A lot of applications are static most of the time, with the redrawing only in moments of user’s actions. This will significantly reduce the load of the processor.

In practice addRender is used rarely, because it’s very convenient to draw the objects by the draw () method (see below).

Always redraw something on the screen only with the presence of changes. In many applications, this basic mechanism is not enough, but it’s better than nothing.

Point

LibCanvas.Point is one of the basic objects. It is used very often,it is a component of all shapes and it’s very easy to it use out of them. It has methods for determining the distances between two points, angle, by multiplying the points and getting the all neighbors.

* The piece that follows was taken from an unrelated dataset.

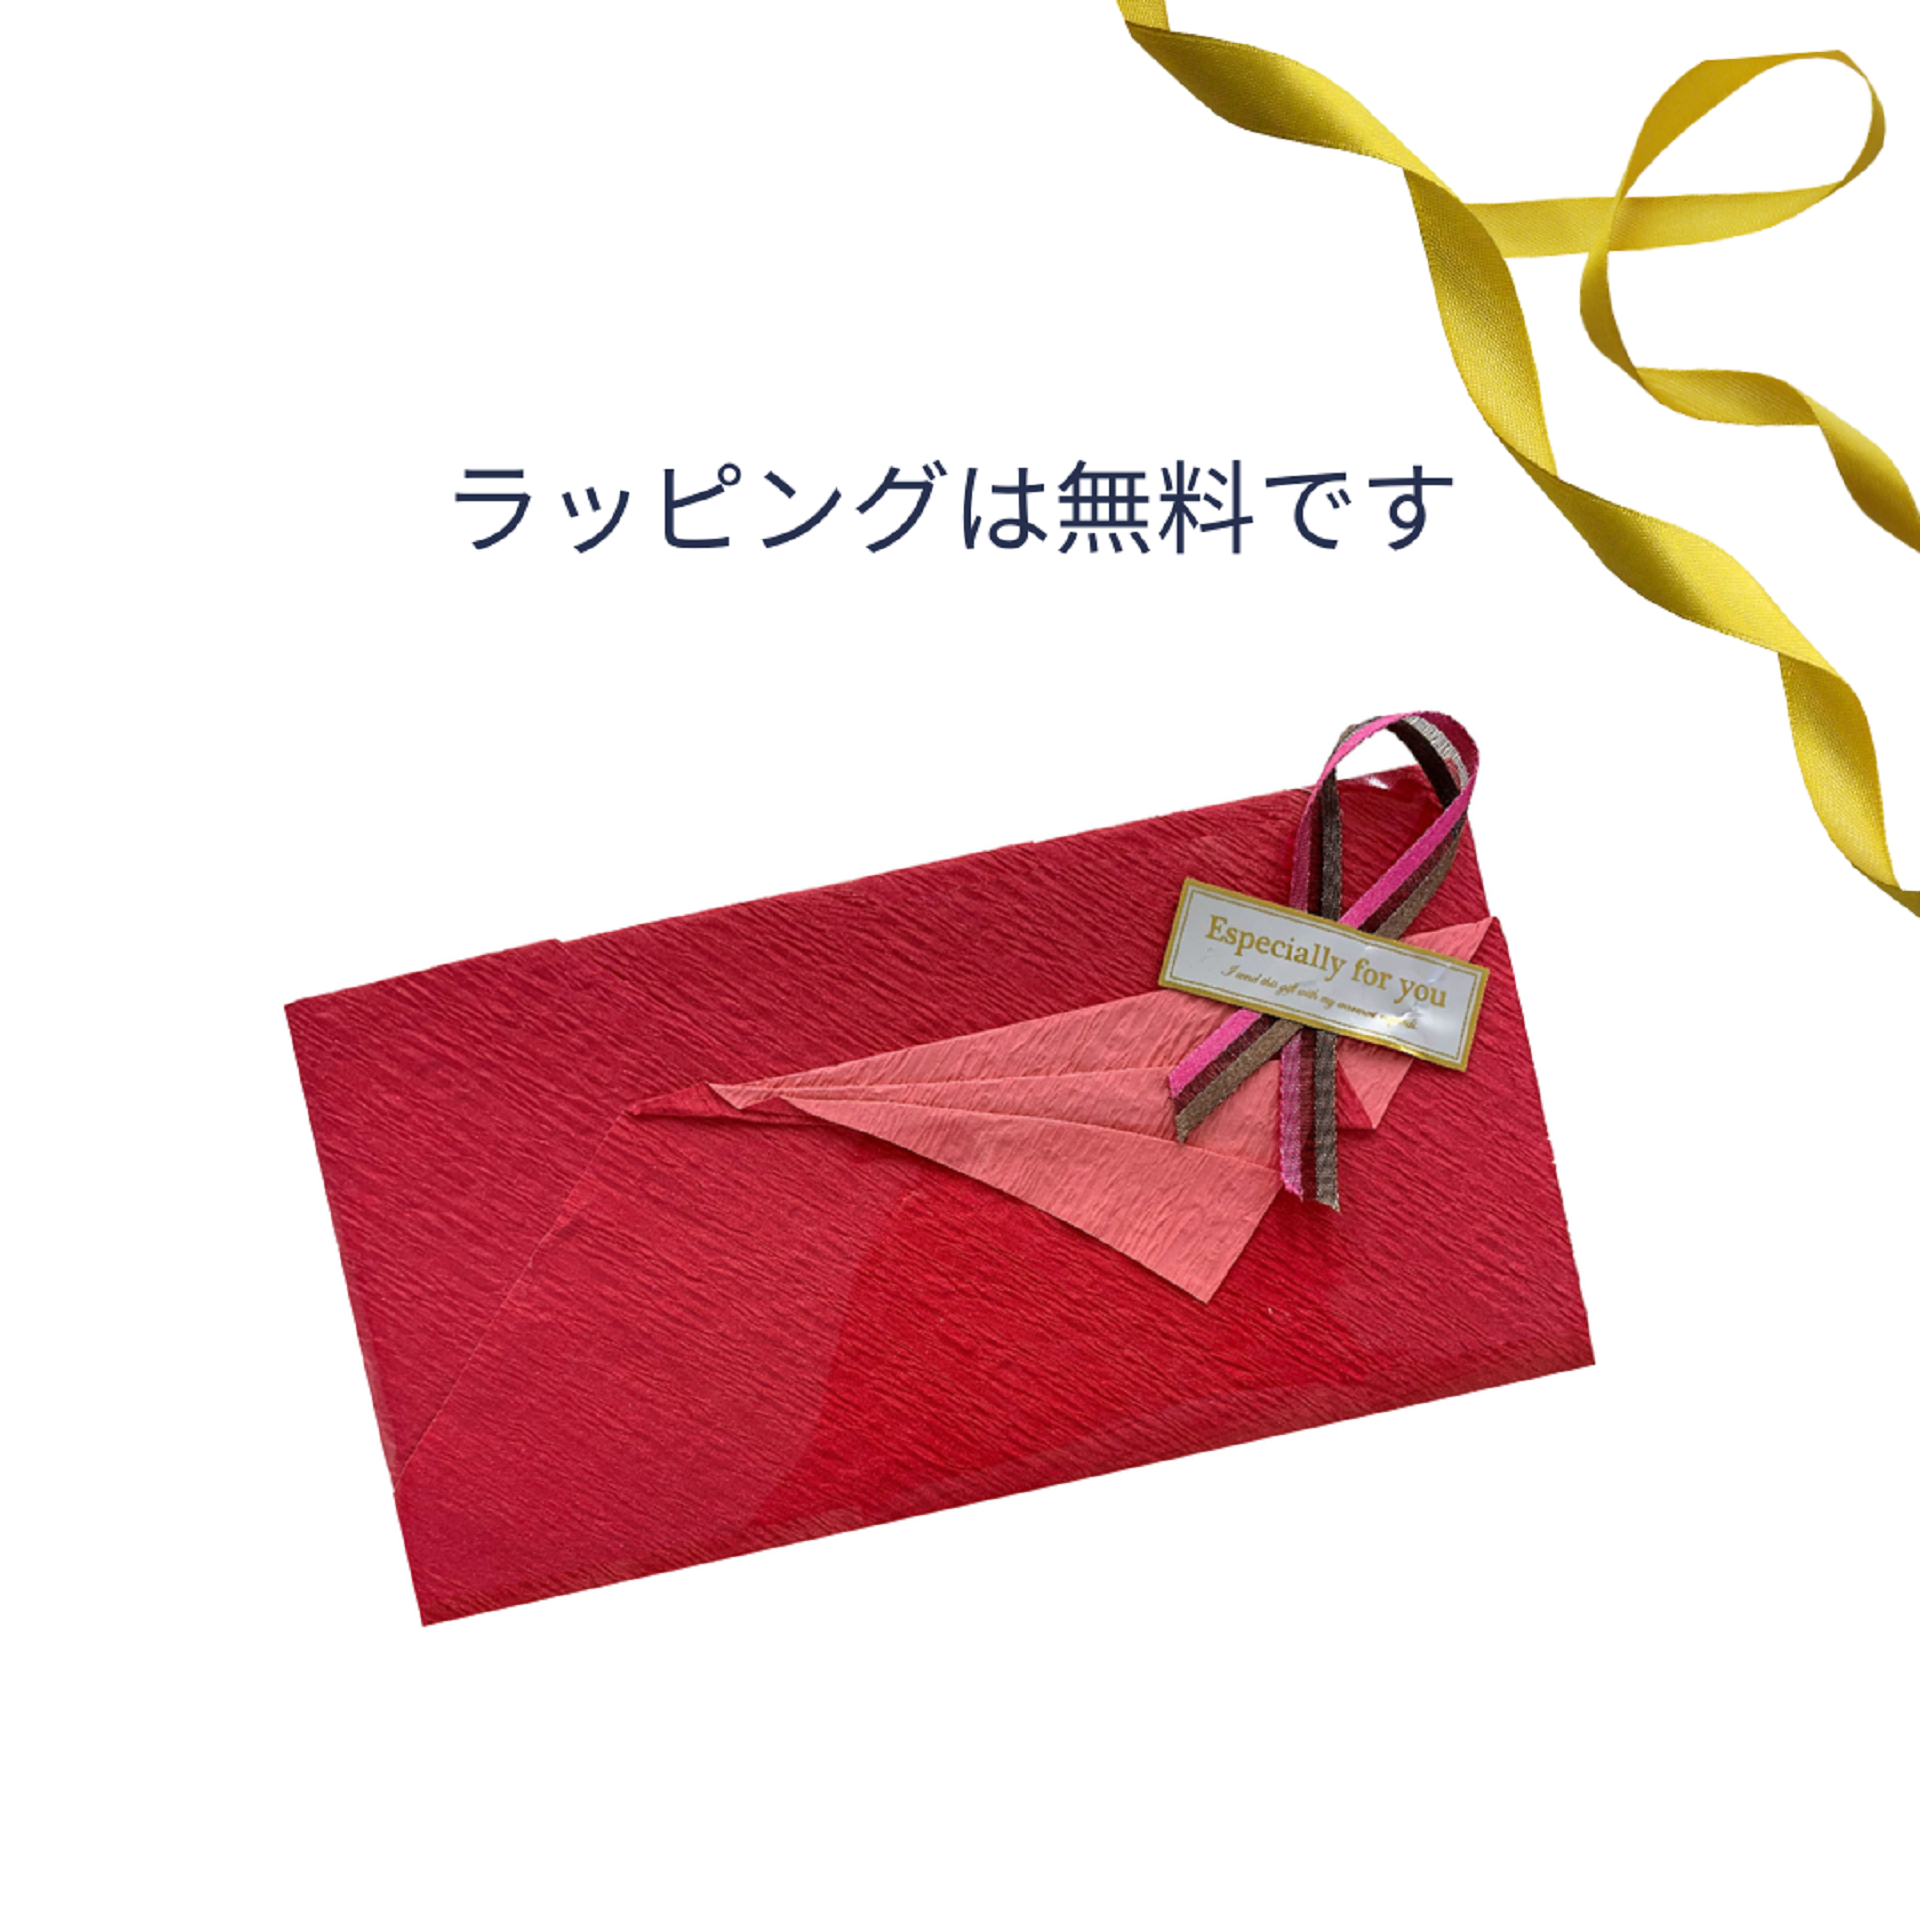 Avoire 3,000 yen gift certificate

// // Rotate point A by 60 degrees around the point B:
	var A = new Point(10, 10),
	    B = new Point(20, 20);

	A.rotate( (60).degree(), B );

// count the sum of all neighbors of cells in the matrix:
	var sum = 0 +
		matrix[p.y-1][p.x-1] + matrix[p.y-1][p.x] + matrix[p.y-1][p.x+1] +
		matrix[p.y  ][p.x-1] +                      matrix[p.y  ][p.x+1] +
		matrix[p.y+1][p.x-1] + matrix[p.y+1][p.x] + matrix[p.y+1][p.x+1] ;

	// vs
	var sum = point.neighbours.reduce(function(value, p) { return value + matrix[p.y][p.x]; }, 0);

Shapes

The shapes are contained in the subspace of LibCanvas.Shapes names.* and being globalized till the short aliases. The best-known shapes are Rectangle, Circle and Line. When using LibCanvas you should be aware that the shapes themselves do not have the external appearance – the color or shade. The object that uses the shape is responsible for the appearence, such as LibCanvas.Ui.Shaper, and theshapes themselves contain only mathematical operations – like going all the path, intersections, and if a point is inside of the shape, etc. They are the astral, but not the physical body.

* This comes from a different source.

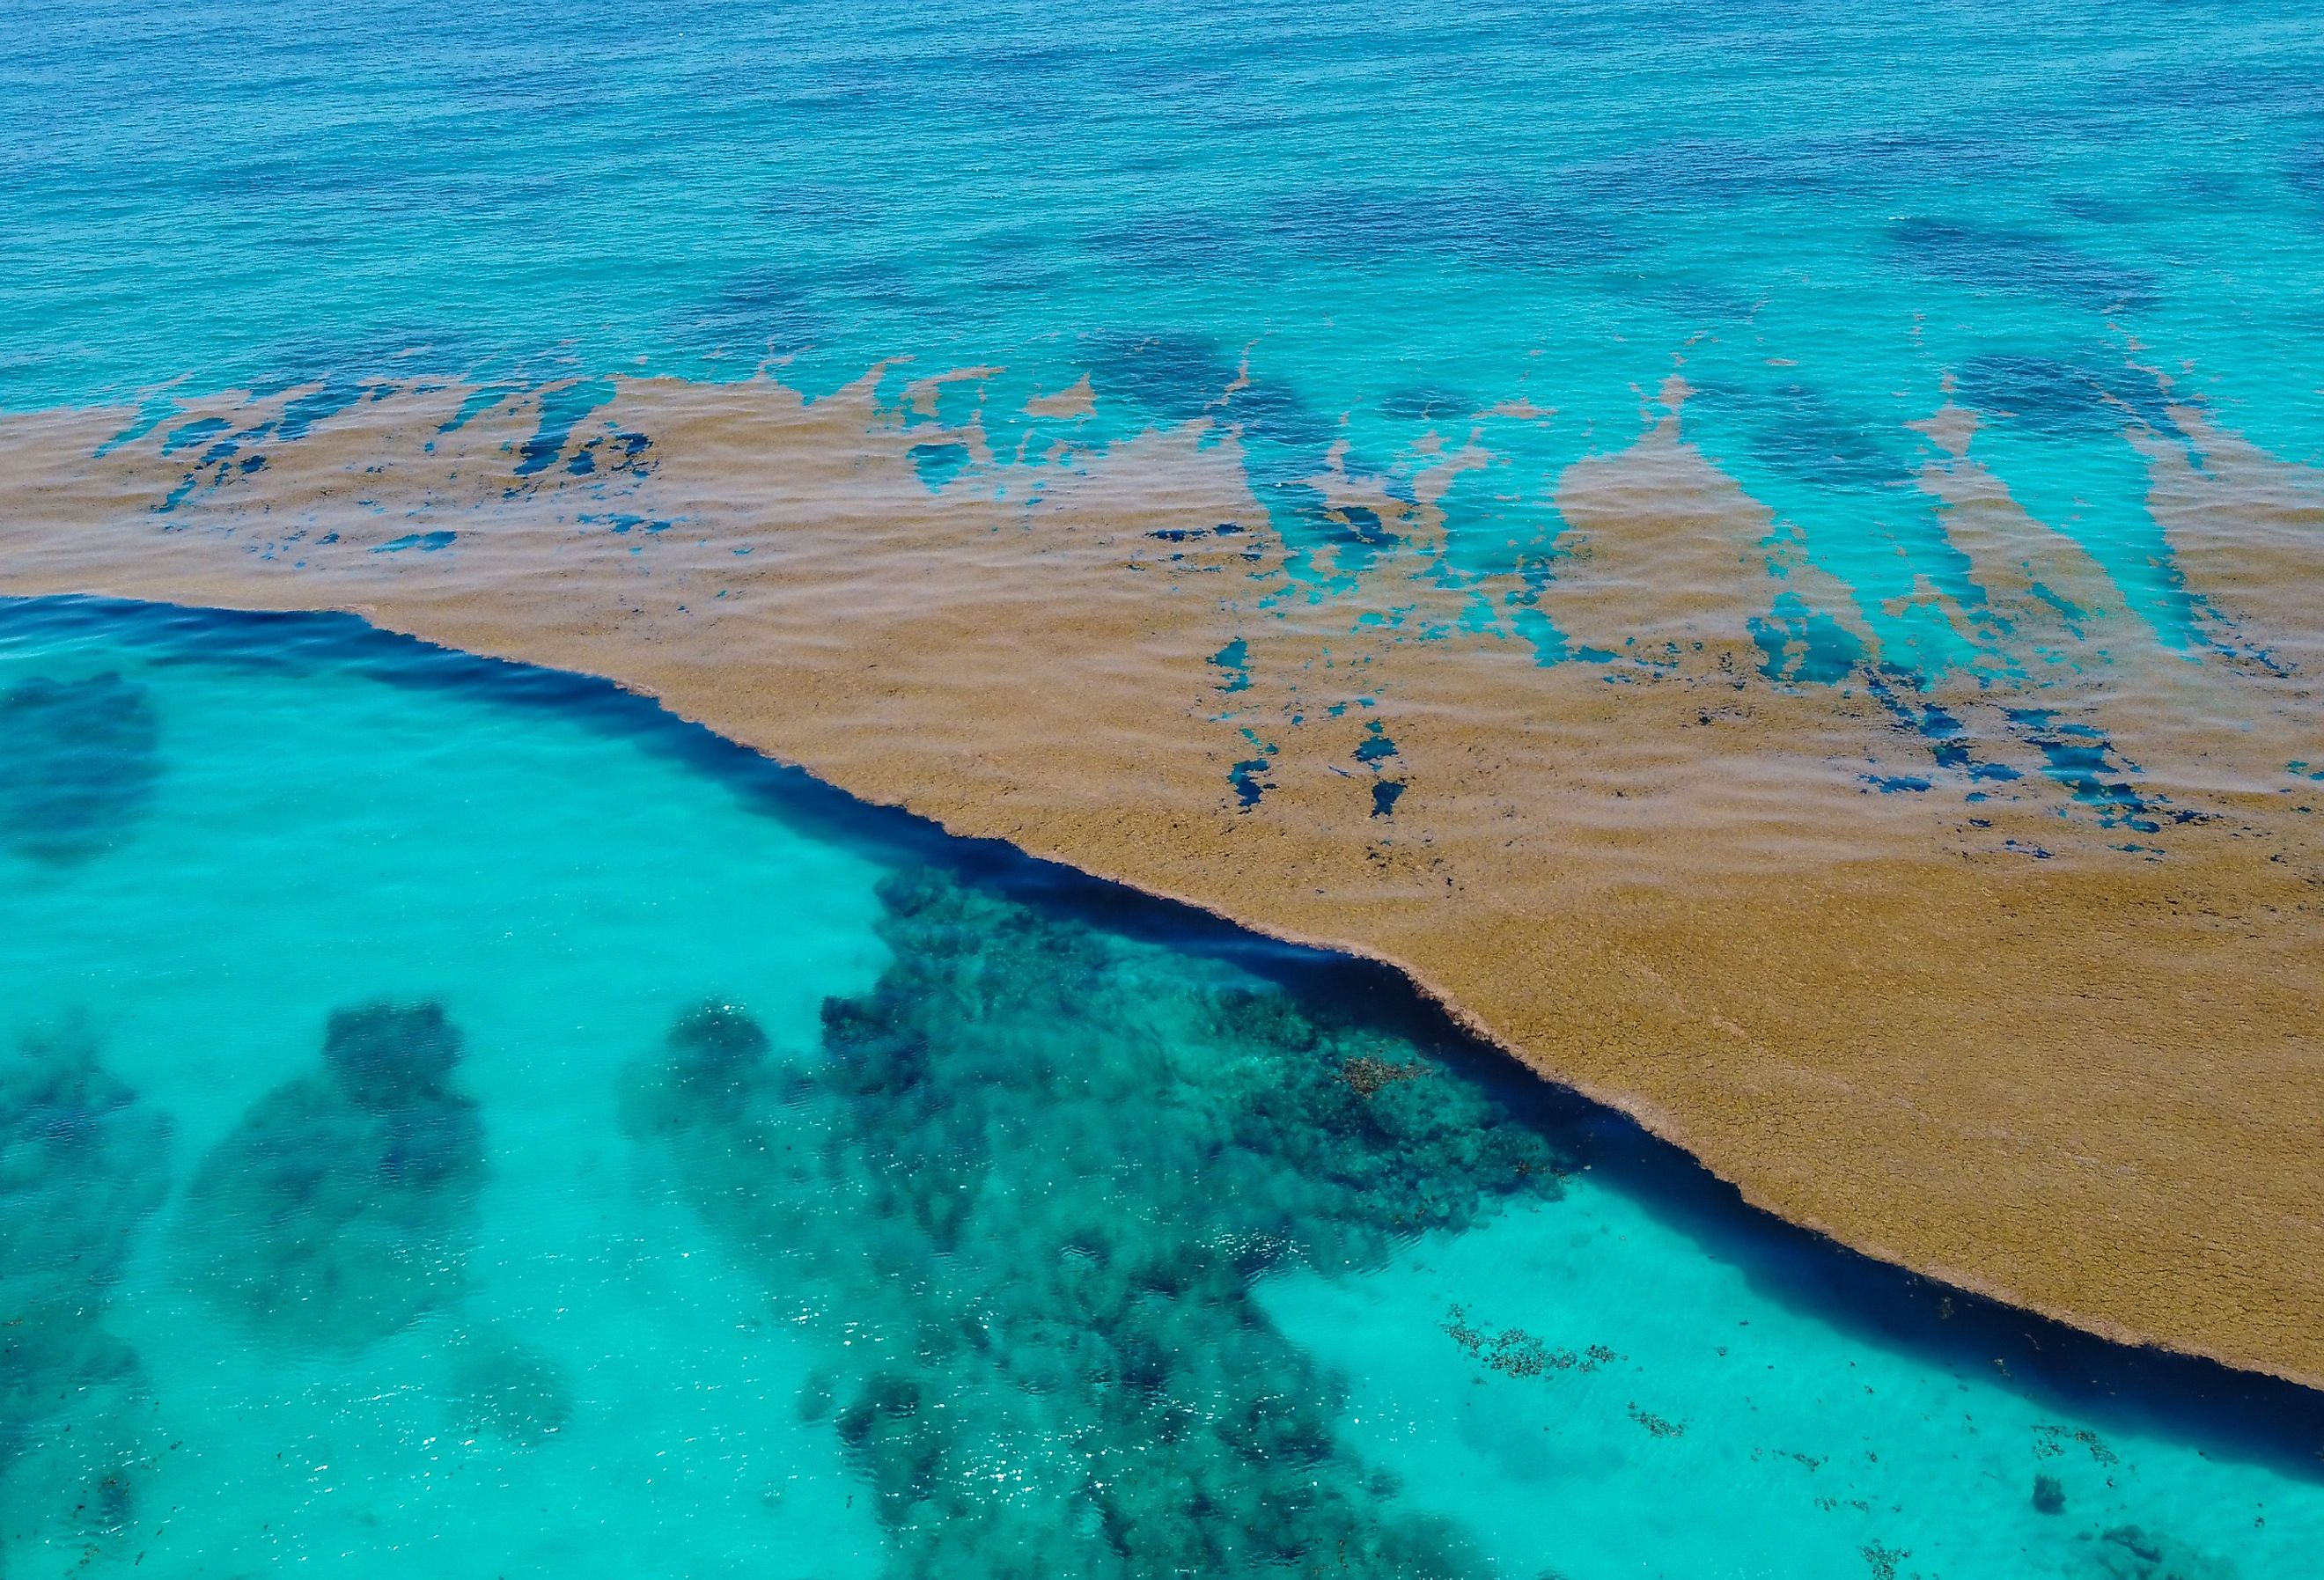 Caribbean sea covered by Sargasso algae.

This allows us to separate the behavior from the appearance. For example, we have a platform in arkanoid. In fact it is a picture, but we can perform all the actions as with a simple shape:

var Unit = atom.Class({
	initialize: function (rectangle, image) {
		this.shape = rectangle;
		this.image = image;
	},
	collision: function (anotherUnit) {
		return this.shape.intersect( anotherUnit.shape );
	},
	draw: function () {
		this.libcanvas.ctx.drawImage( this.image, this.shape );
	}
});

Rectangle is the most important shape. It is not only used when drawing rectangles, and for basic math operations, but also in many other LibCanvas methods. It may be, for example, the method context.drawImage, which accepts the arguments for cutting and drawing a rectangle or a tile engine, in which every element is a small Rectangle.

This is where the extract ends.